If a large number of leaf node machines send requests to a central root node then that root node can become overwhelmed:
- The CPU becomes a bottleneck, for either processing requests or sending replies, because it can't possibly deal with the flood of requests.
- The network interface becomes a bottleneck because a wide fan-in causes TCP drops and retransmissions, which causes latency. Then clients start retrying requests which quickly causes a spiral of death in an undisciplined system.
One solution to this problem is a strategy given by Dr. Jeff Dean, Head of Google's School of Infrastructure Wizardry, in this Stanford video presentation: Tree Distribution of Requests and Responses.
Instead of having a root node connected to leaves in a flat topology, the idea is to create a tree of nodes. So a root node talks to a number of parent nodes and the parent nodes talk to a number of leaf nodes. Requests are pushed down the tree through the parents and only hit a subset of the leaf nodes.
With this solution:
- Fan-in at each level of the tree is manageable. The CPU cost of processing requests and responses is spread out across all the parents, which reduces the CPU and network bottlenecks.

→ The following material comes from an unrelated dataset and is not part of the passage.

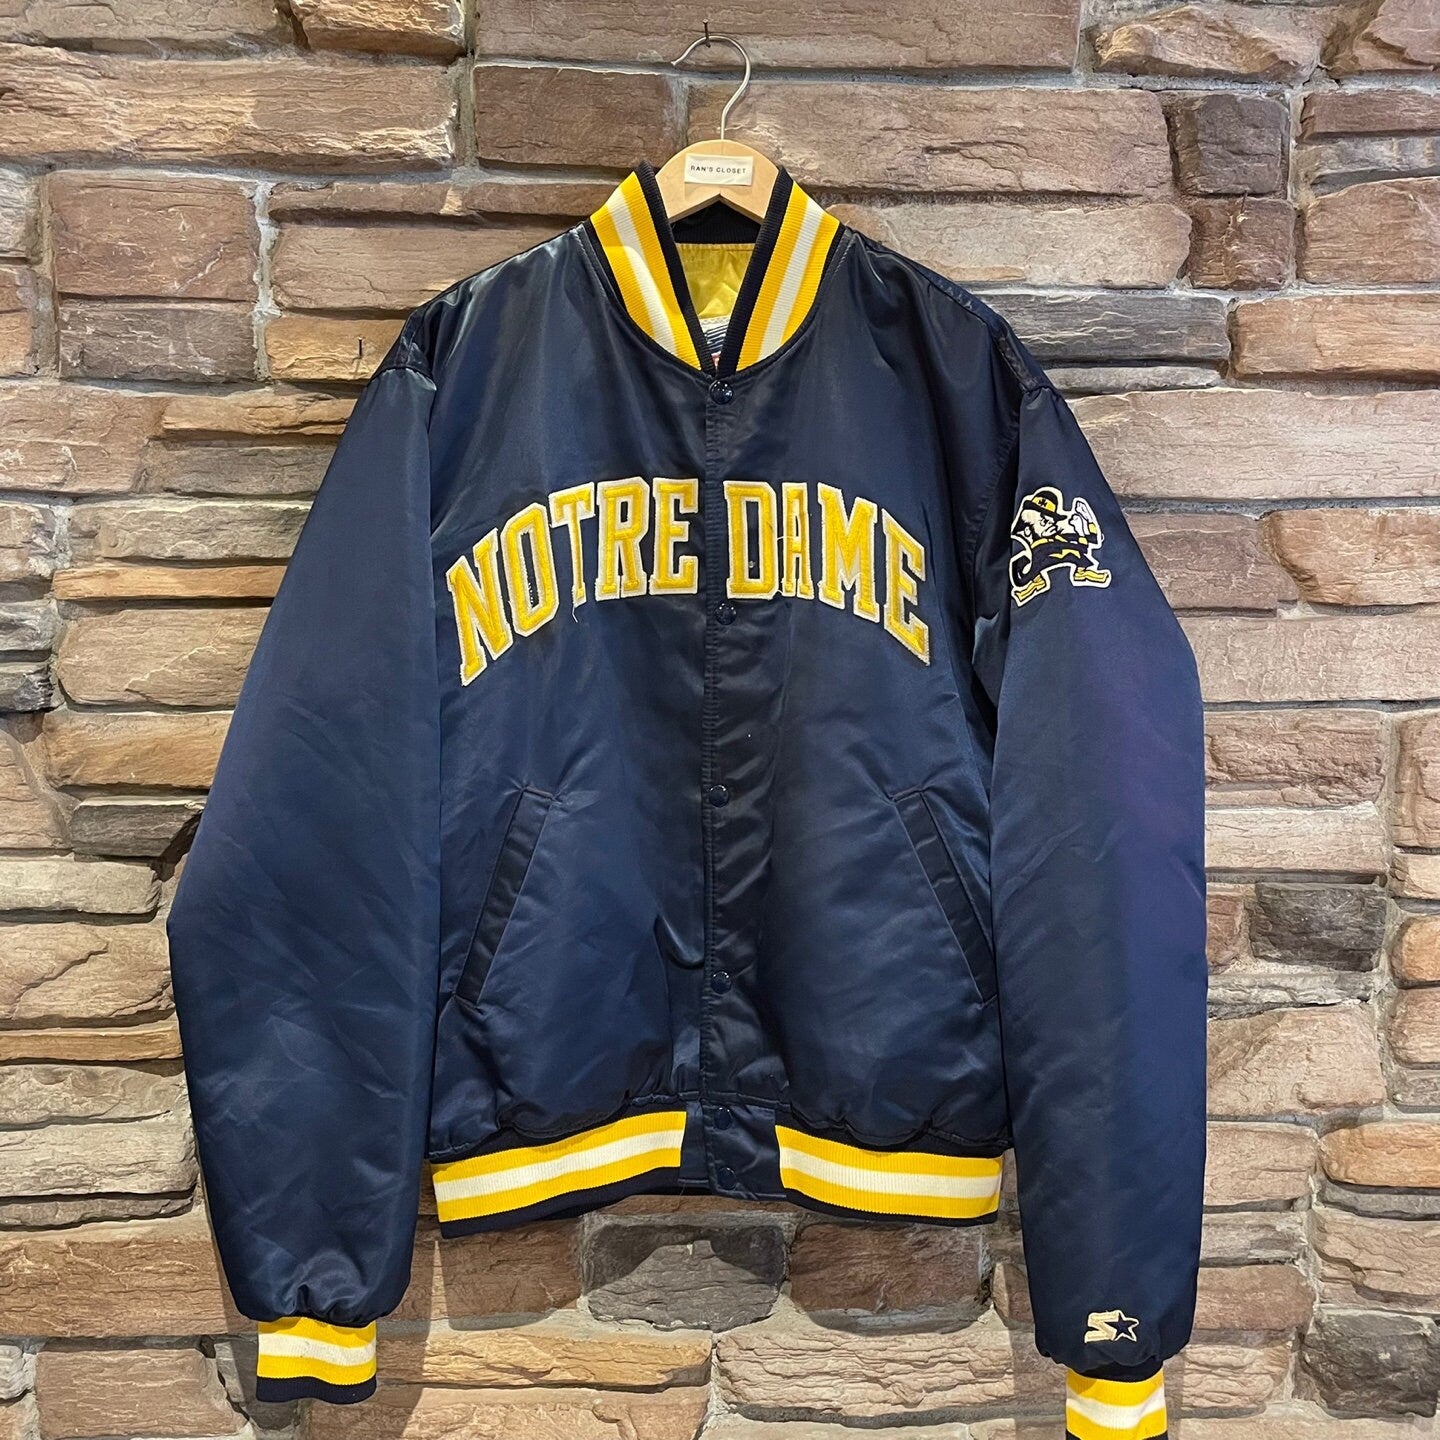 Vintage Notre Dame Fighting Irish Football Team Jacket for the University of Notre Dame Indiana | Vintage Jacket | Navy | Size XL | STQ-2164

- Response filtering and data reduction. Ideally the parent can provide a level of response filtering so the root only sees a subset of the response data. This further reduces the network and CPU needed by the root.
- Collocation. The parent can be collocated with leaves on one rack, which keeps all that traffic off your datacenter networks.
In Google's search system, for example:
- Leaves generate their best 10 or 15 responses.
- Parents return the best 20-30 responses out of the 30 leaves the parent is responsible for.
- This is a large degree of data reduction compared to the case the root had to process all that data directly.